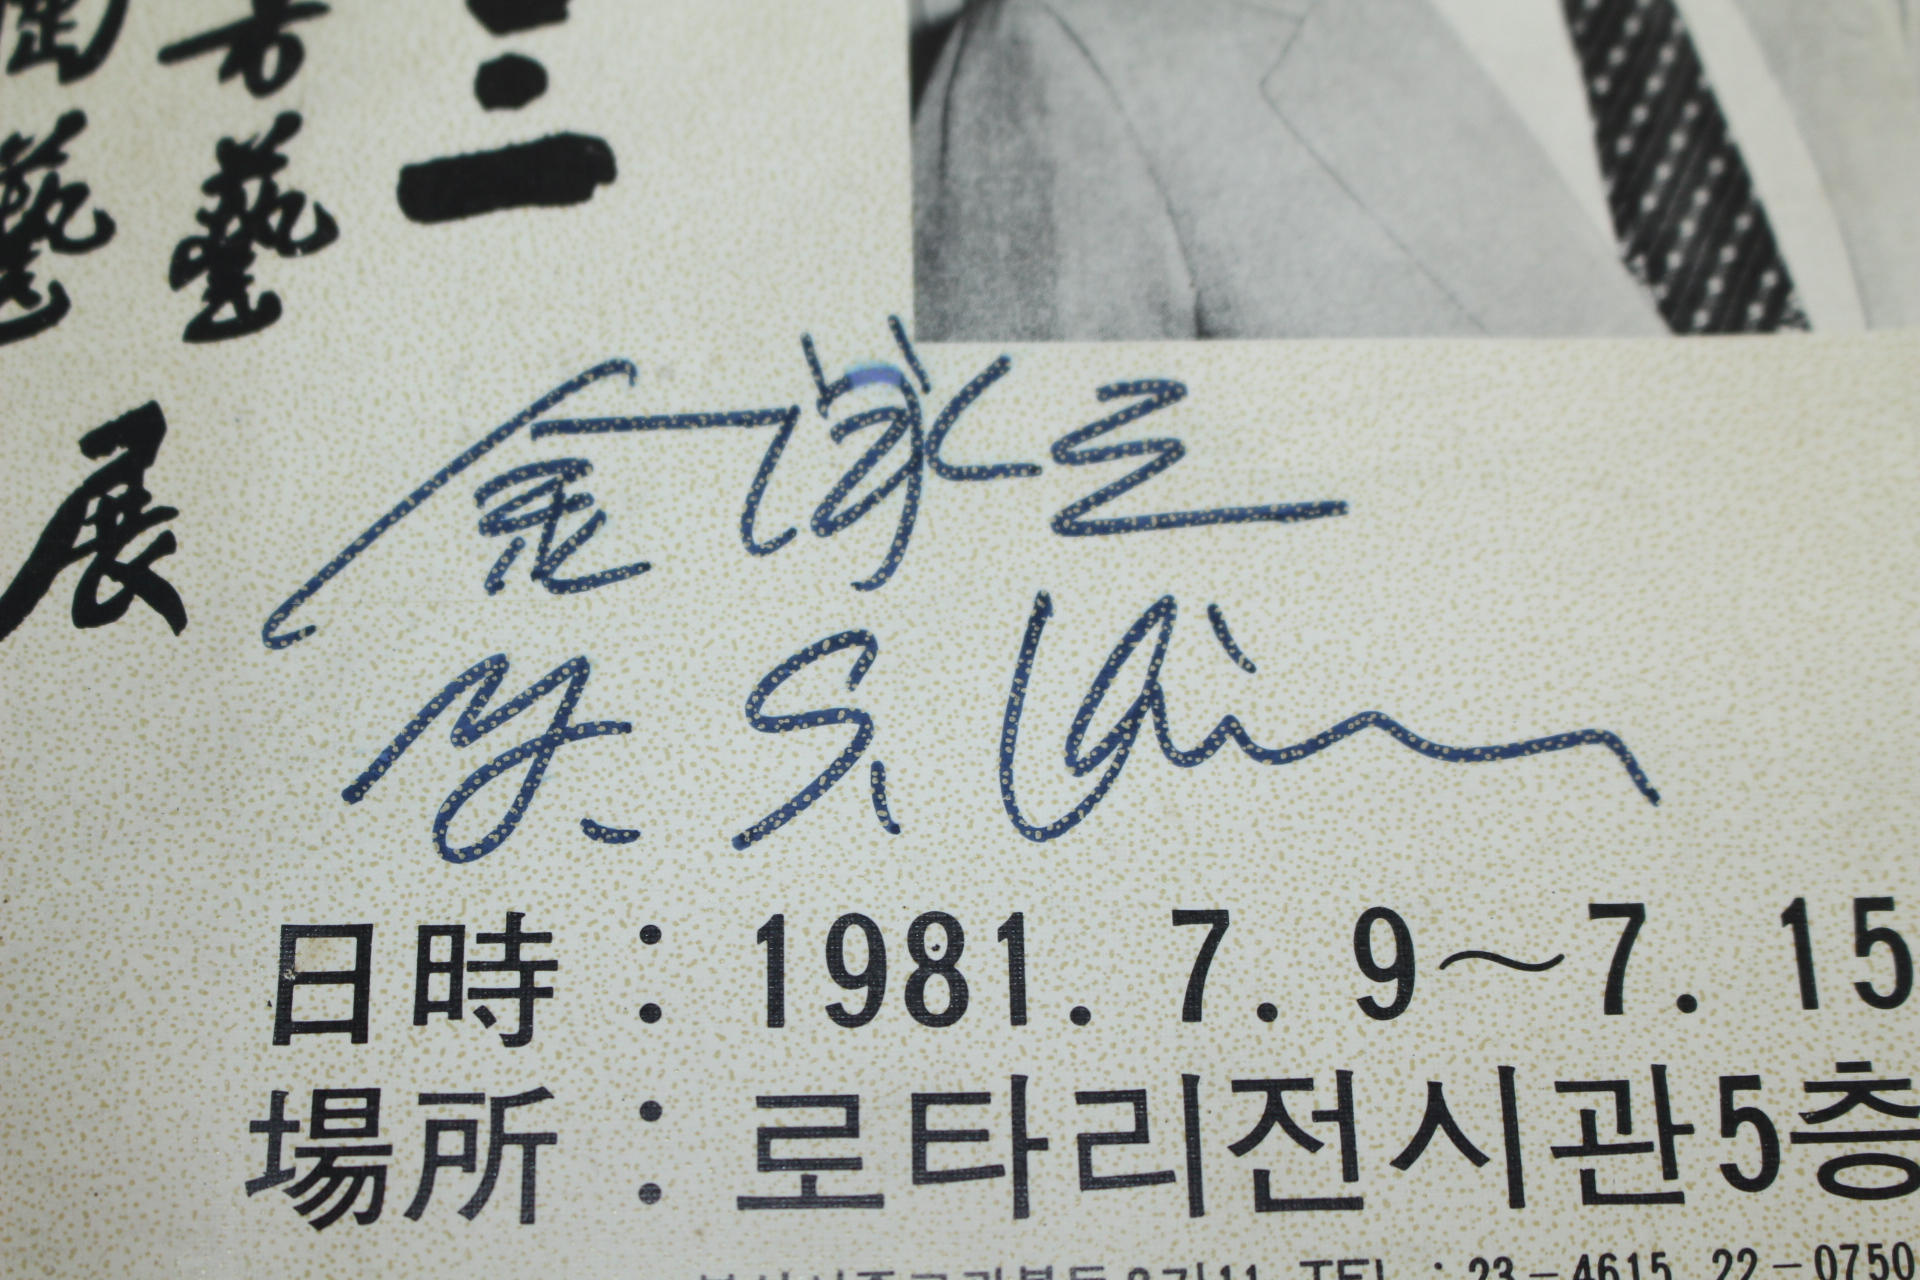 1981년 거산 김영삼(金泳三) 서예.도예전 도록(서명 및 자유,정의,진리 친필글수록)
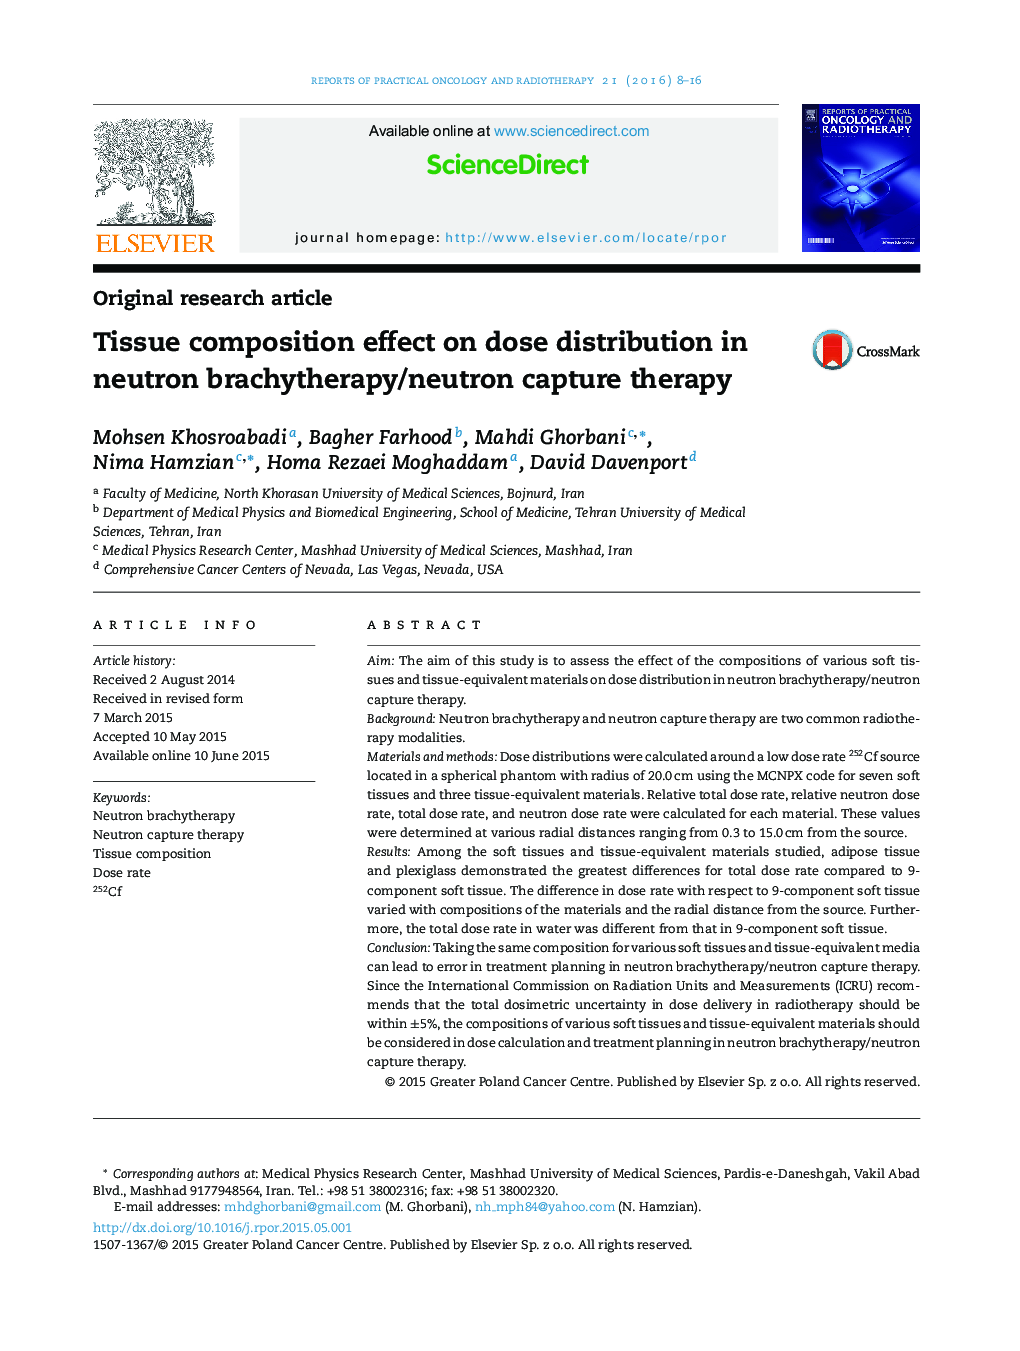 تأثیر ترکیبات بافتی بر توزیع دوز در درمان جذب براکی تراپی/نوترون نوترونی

..........

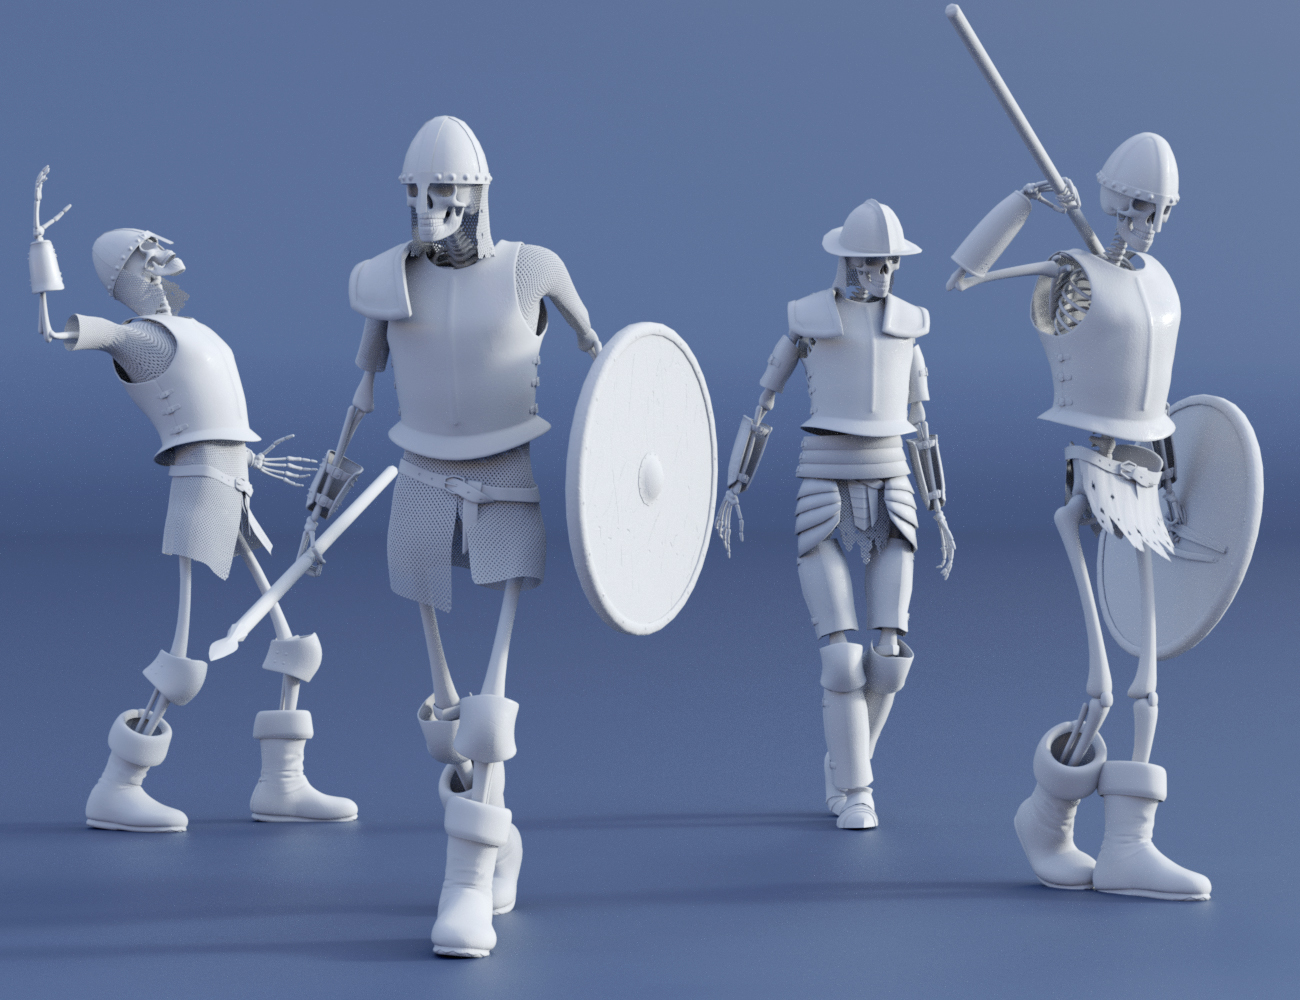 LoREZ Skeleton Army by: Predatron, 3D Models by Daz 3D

..........

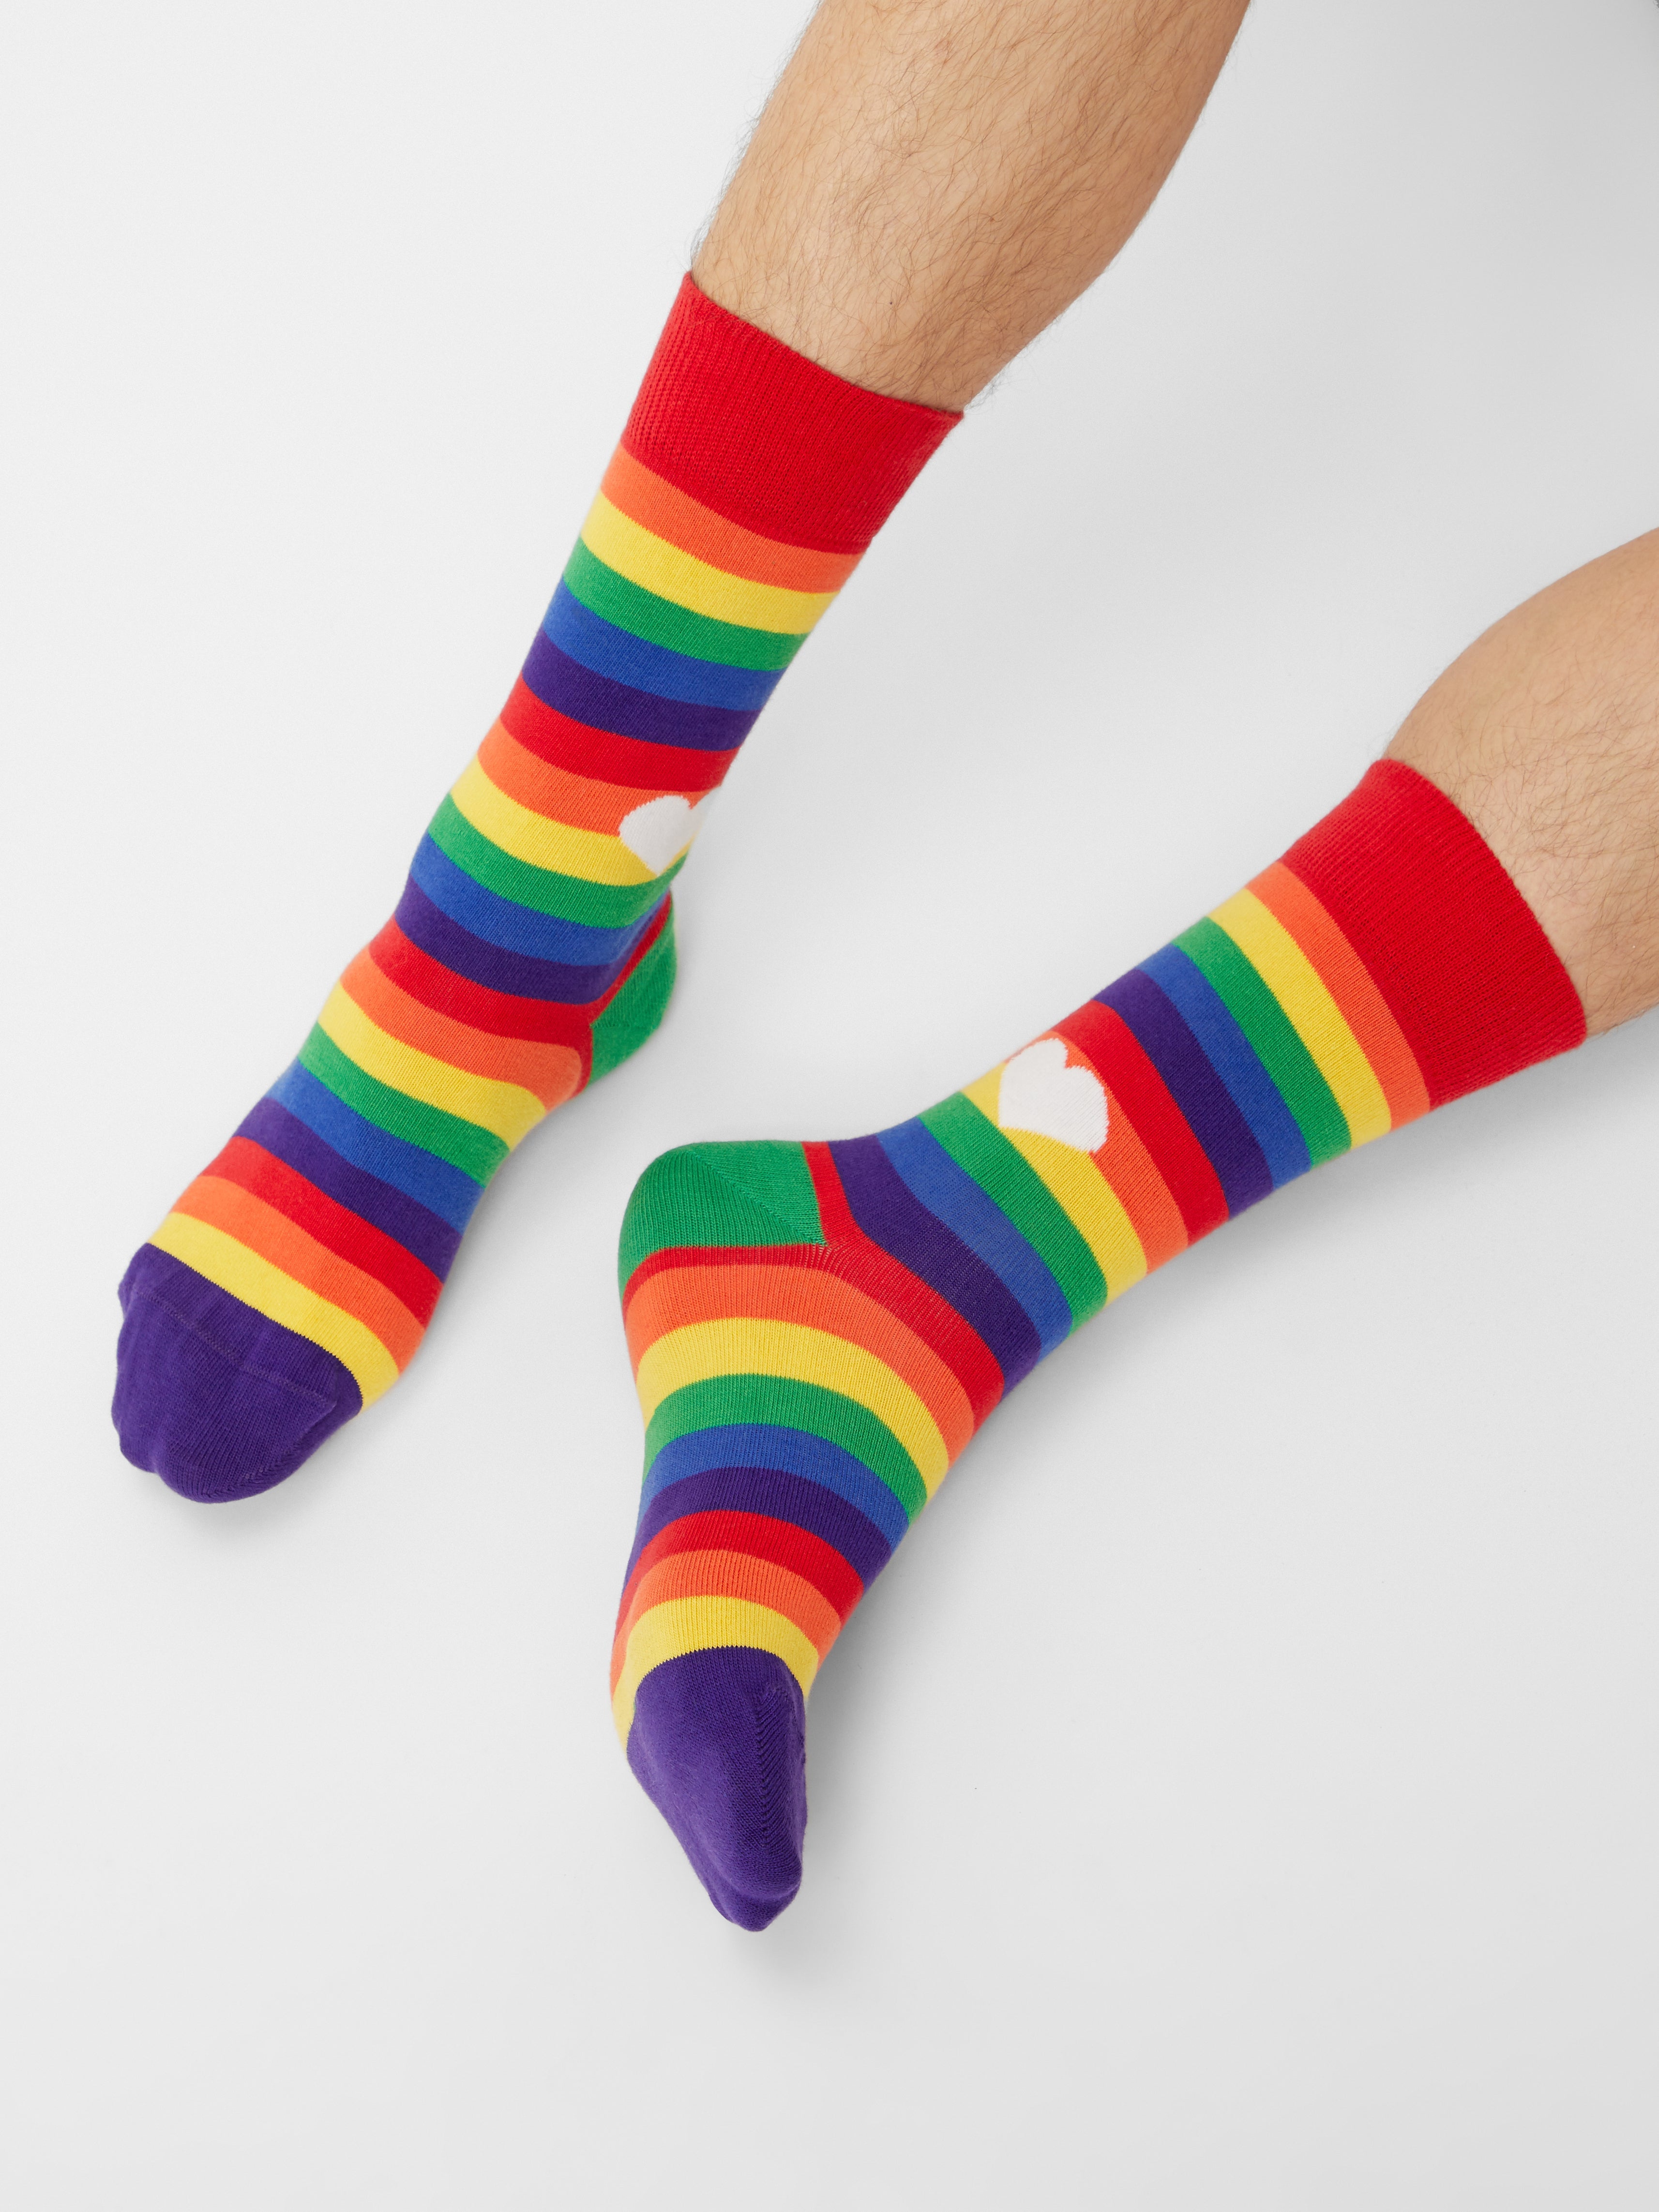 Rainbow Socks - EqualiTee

..........

TASK TO CARRY OUT: For this task, return exactly the stretch of the listing above from the line with "1981년 거산 김영삼(金泳三)" through the line with "تأثیر ترکیبات بافتی", inclusive and without pictures.

RESULT OF THE EXERCISE:
 1981년 거산 김영삼(金泳三) 서예.도예전 도록(서명 및 자유,정의,진리 친필글수록)
 تأثیر ترکیبات بافتی بر توزیع دوز در درمان جذب براکی تراپی/نوترون نوترونی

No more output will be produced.